Introduction Brief behavioral intervention (BI) is a tobacco-cessation best practice well established among conventional healthcare practitioners. Complementary and alternative medicine (CAM) practitioners treat significant numbers of tobacco users, but do not systematically receive BI training. The CAM Reach study developed and evaluated a tobacco cessation BI training program/practice system intervention adapted specifically for CAM practitioners, and evaluated in real-world CAM practices. Study design Single-arm intervention. Data were collected in 2010–2014 and analyzed in 2015. Setting/participants Private practices of 30 chiropractors, 27 acupuncturists, 42 massage therapists (N=99), in metropolitan Tucson, Arizona. Intervention Eight-hour tobacco cessation BI continuing education workshop, in-office BI skills practice/assessment, and system intervention. Training tailored to the CAM practice setting addressed tobacco cessation best practices from the U.S. Public Health Service Guidelines. Main outcome measures Seventeen items (assessing practitioner behavior, motivation, and self-efficacy with tobacco cessation) comprising three factors, Tobacco Cessation Activity, Tobacco Cessation Motivation, and Non-CAM Tobacco Cessation Comfort, were assessed at baseline and 3, 6, 9, and 12 months post-training by practitioner self-report. Research staff visited practices at approximately the same intervals to directly observe changes in clinical practice systems. Results At 3 months, there were significant increases in practitioners’ tobacco cessation activities, motivation and confidence in helping patients quit tobacco, and comfort with providing information and referrals for guideline-based tobacco cessation aids (p<0.0001).
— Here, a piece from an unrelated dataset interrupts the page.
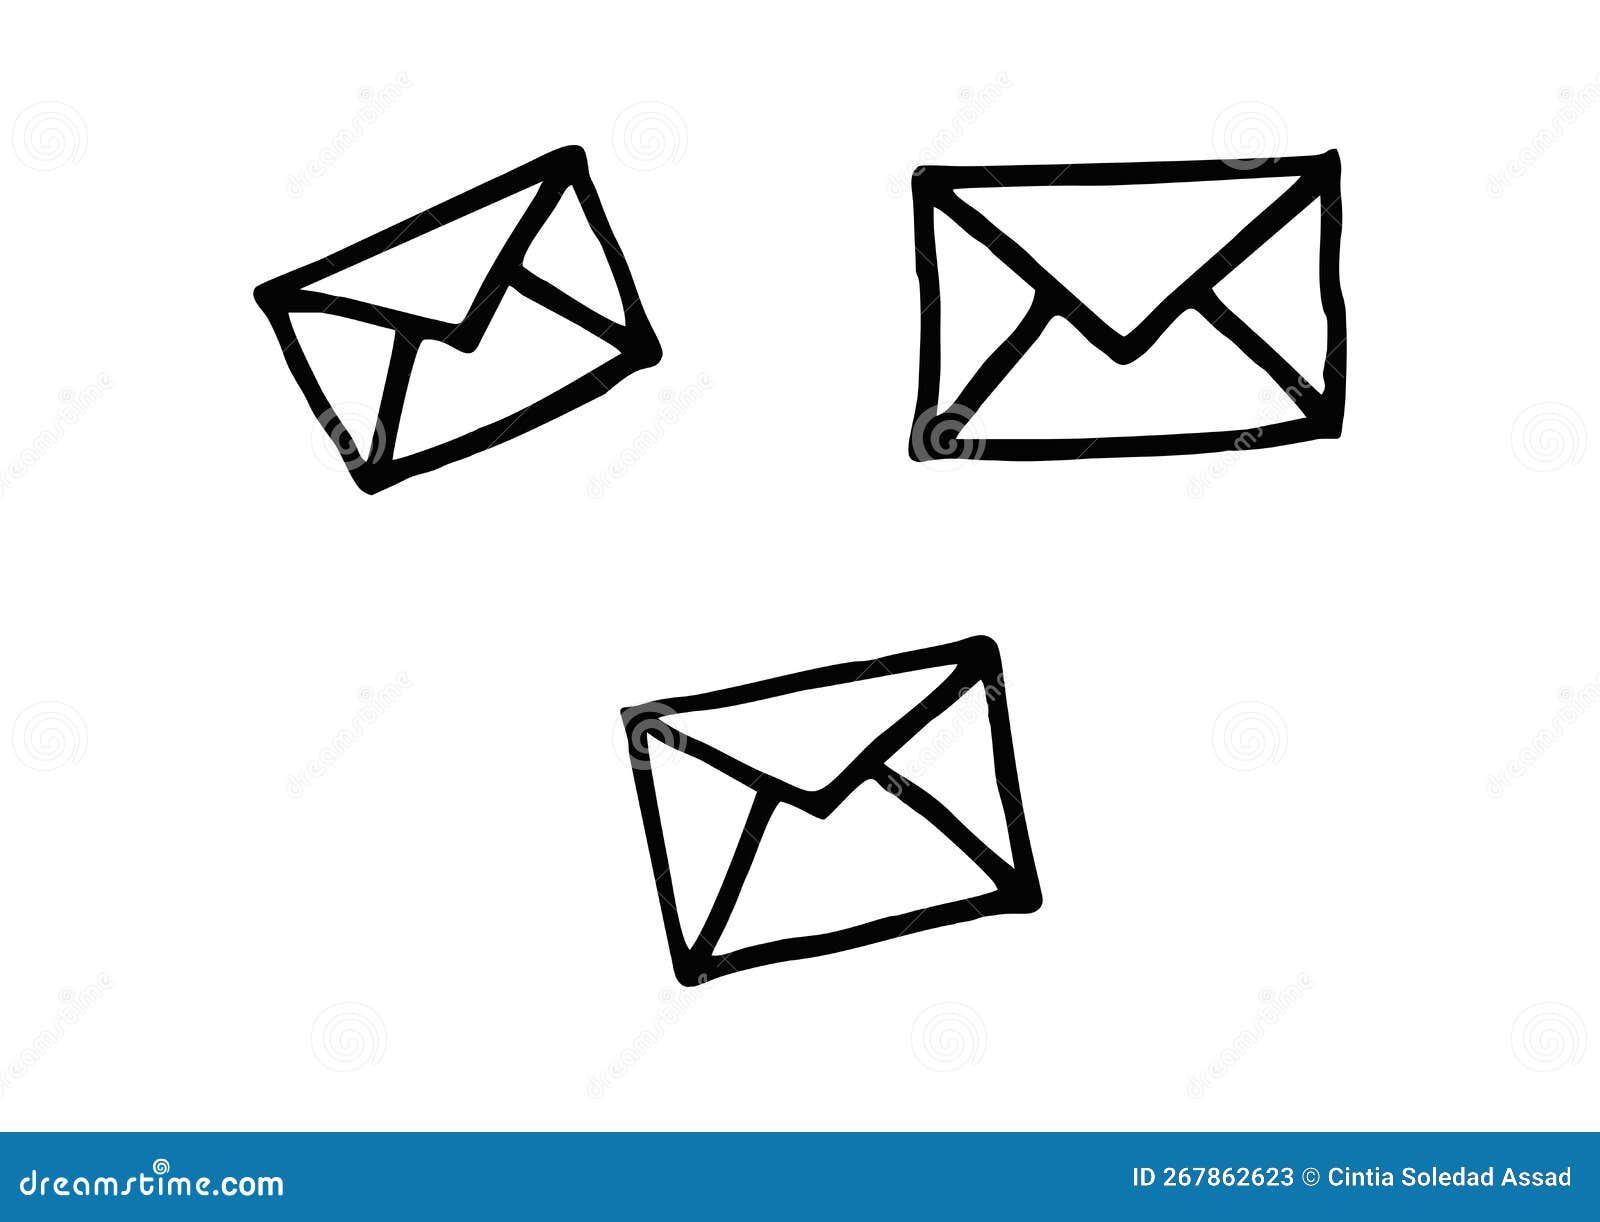 Letter Envelope PNG Transparent, Letter Pink Grass Envelope Drawing,  Letter, Grass, Envelope PNG Image For Free Download
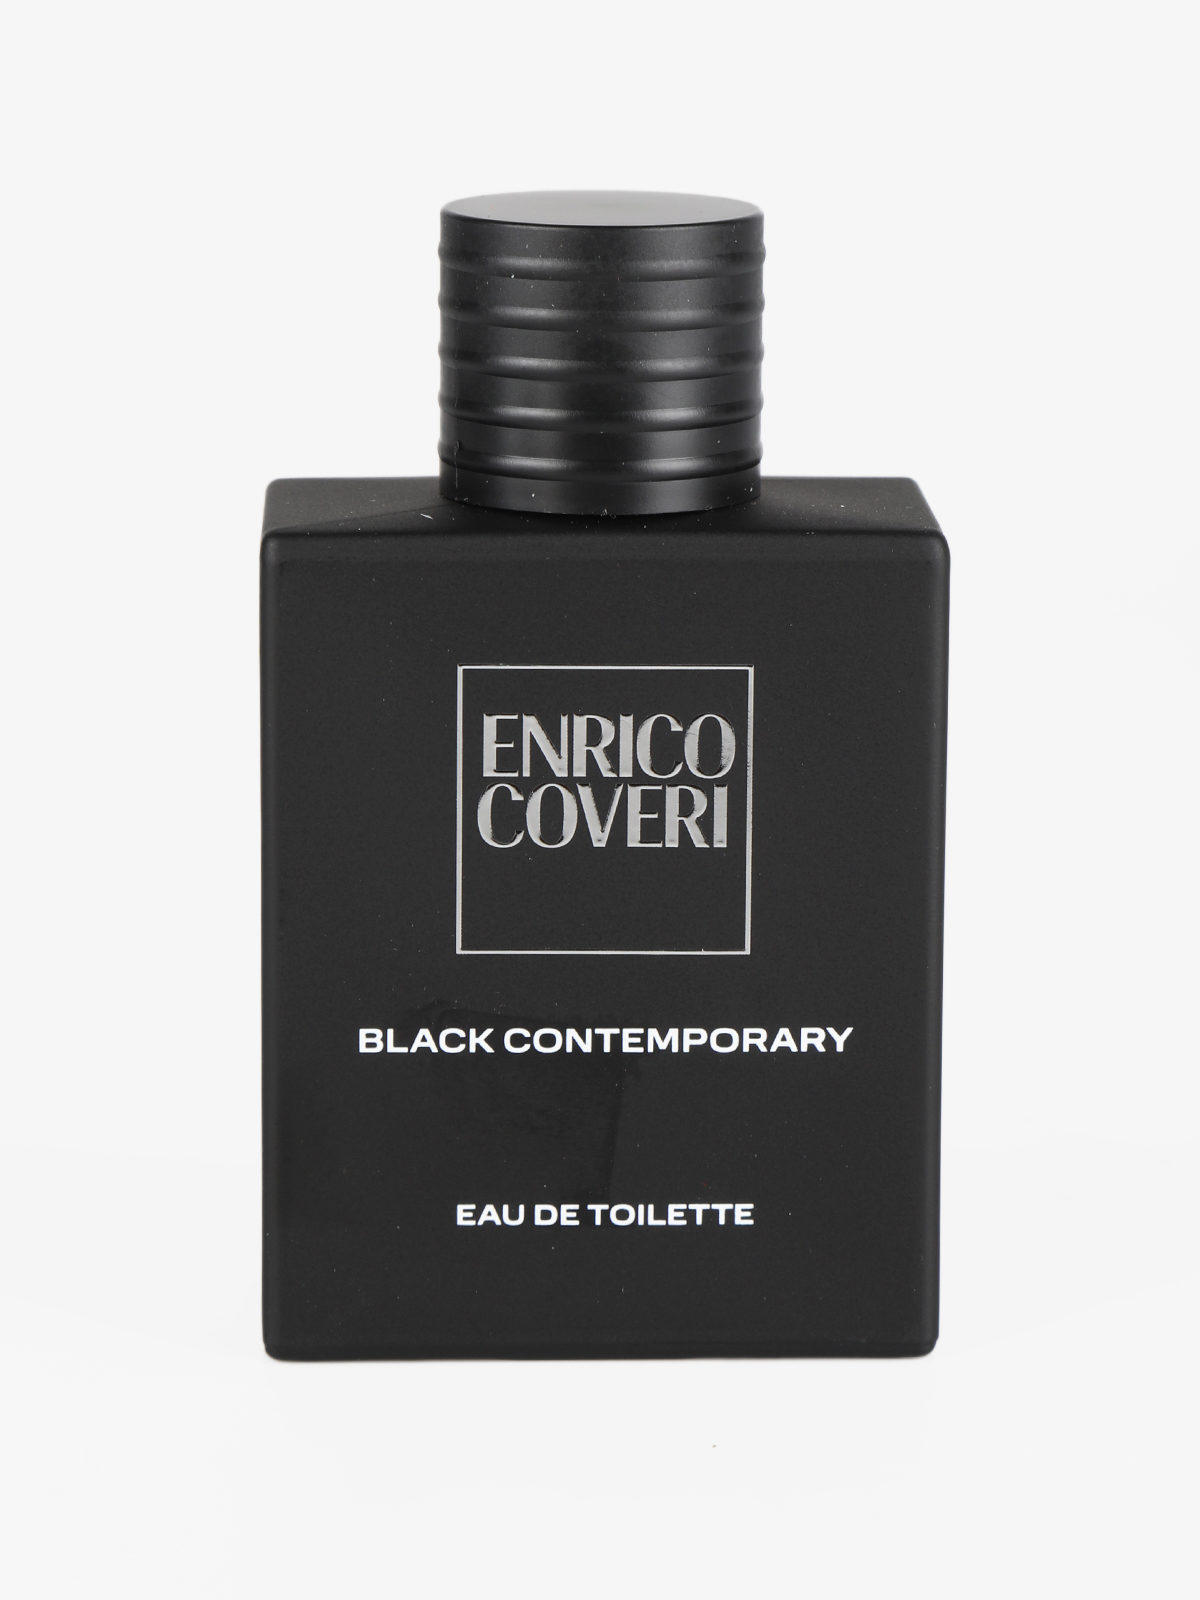 Enrico Coveri Black Contemporary Eau de Toilette Pour Homme 100 ml Tester | RossoLacca

Practitioners significantly increased rates of discussing cessation medications with patients (AOR=3.76, 95% CI=1.84, 7.68), and routinely asking about tobacco use in clinical practice (AOR=2.62, 95% CI=1.11, 6.20). Increases occurred across all three practitioner types and were sustained at 12 months—despite heterogeneity in professional training, practice patterns/organization, and practice business models. Conclusions Results suggest CAM practitioners are willing and able to offer BIs, and are an important, yet overlooked channel for promoting tobacco cessation and use of evidence-based cessation aids.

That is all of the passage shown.